Labrique and Agarwal's standards paper remains important because it widened the frame. They argued that digital health should be assessed across technical, behavioral, organizational, and systems dimensions. A tool may be usable and still fail to produce value if referral systems are weak. It may improve data quality and still fail on equity if only better-connected sites can keep it running.
Then there is the realist-evaluation tradition from Ray Pawson and Nick Tilley, which asks what works, for whom, in which circumstances, and how. That sounds almost obvious once you have spent time around field programs. Yet many evaluations still report average effects without explaining why one context outperformed another. In global health, those contextual differences are often the whole story.
A few evidence points stand out:
- WHO's first evidence-based digital health guideline, released in 2019, emphasized that much of the evidence base was still low to moderate quality.
- Rauwerdink and colleagues found 824 studies in their scoping review, but the field still shows uneven use of evaluation approaches across the full implementation cycle.
- SMARThealth India's stepped-wedge trial covered 54 clusters and 62 villages, showing how rigorous designs can still work in staged rural deployments.
- Michel and Schneider's 2025 framework argues that many evaluations remain too weak to guide action, especially when they skip theory, baseline design, or stakeholder validation.
The future of health technology impact evaluation
I suspect the future of evaluation in field programs will be less about picking the perfect method and more about matching the method to the stage of the program. Early deployments need feasibility and workflow learning. Mid-stage programs need implementation and adoption evidence. Mature programs need impact and economic analysis that ministries and grant-makers can actually use.
That also means less obsession with a single headline metric.

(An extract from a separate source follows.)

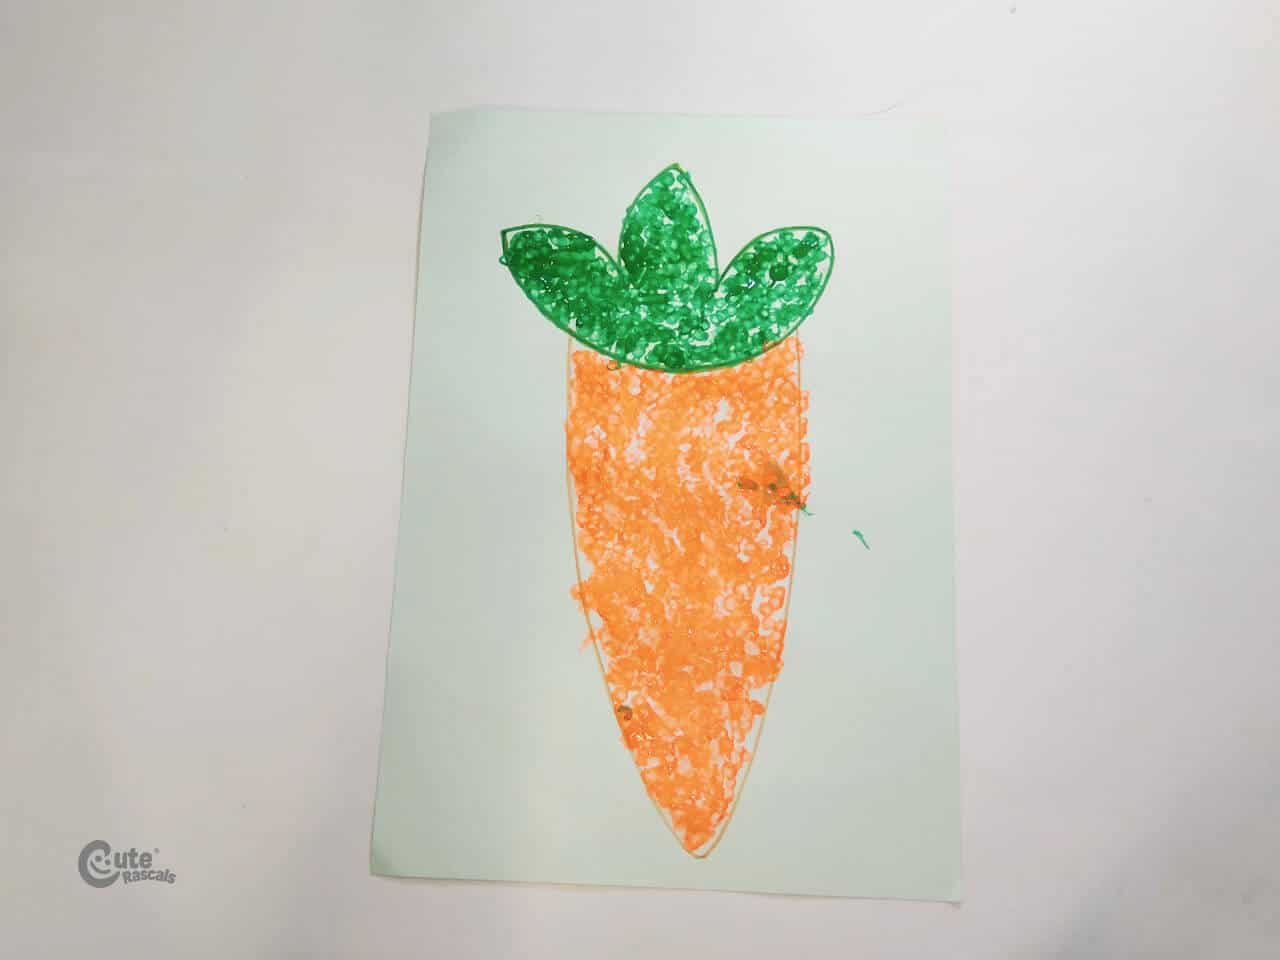 Carrot art with cotton swabs

A field technology may reduce risk scores, increase case finding, improve worker productivity, or shorten referral delays. Those are not interchangeable outcomes. Good evaluation makes clear which outcome mattered, why it mattered, and what it cost to achieve.

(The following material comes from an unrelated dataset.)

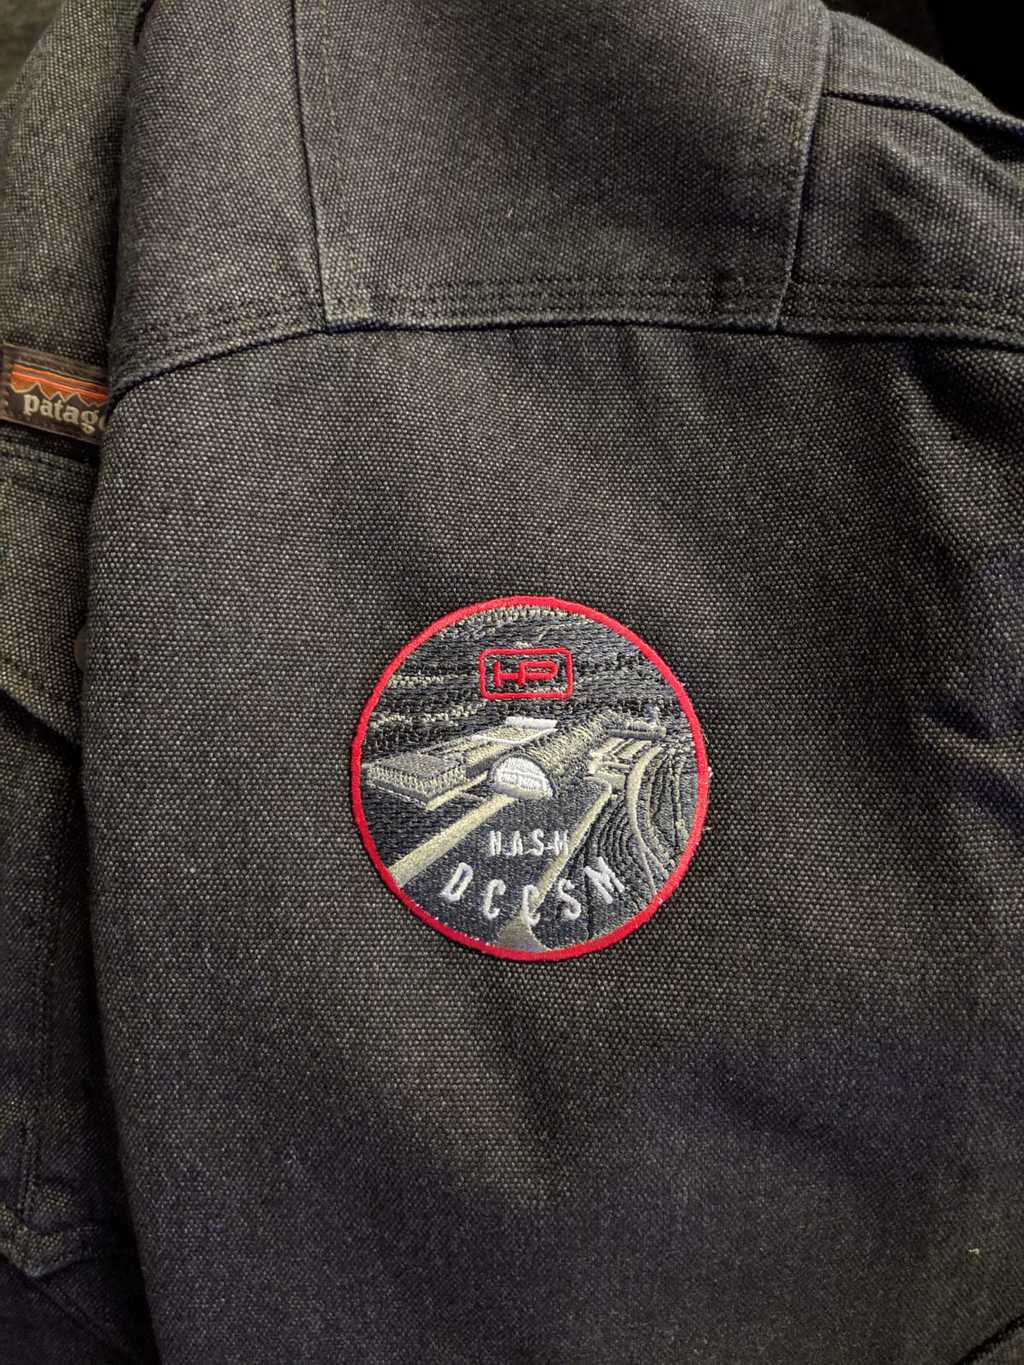 Assured print custom embroidery services near me (patch)

Newer screening and monitoring platforms, including solutions like Circadify, fit into this broader shift. The key question is not whether digital health sounds innovative. It is whether evaluators can show, with methods serious enough for the field, that the technology changed care pathways in a way local health systems can sustain.
Frequently Asked Questions
What is a health technology impact evaluation?
It is a structured effort to determine whether a health technology caused a meaningful change in outcomes such as detection, referral completion, service use, cost, or program reach.
Which methods are most common in field programs?
Common methods include cluster randomized trials, stepped-wedge designs, mixed-method evaluations, realist evaluation, and economic analysis. Many field programs use more than one.
Why are randomized trials not always enough?
Because a trial can estimate effect without fully explaining adoption, trust, supervision, or why one setting performed differently from another. Field programs usually need implementation evidence too.
What does realist evaluation add?
It helps explain what worked, for whom, in which circumstances, and why. That is especially useful in multi-site global health programs where context shapes results.
When should cost-effectiveness be part of evaluation?
Usually before major scale decisions. If a program cannot show its staffing, training, device, and maintenance costs clearly, funders and ministries have a hard time deciding whether broader rollout is realistic.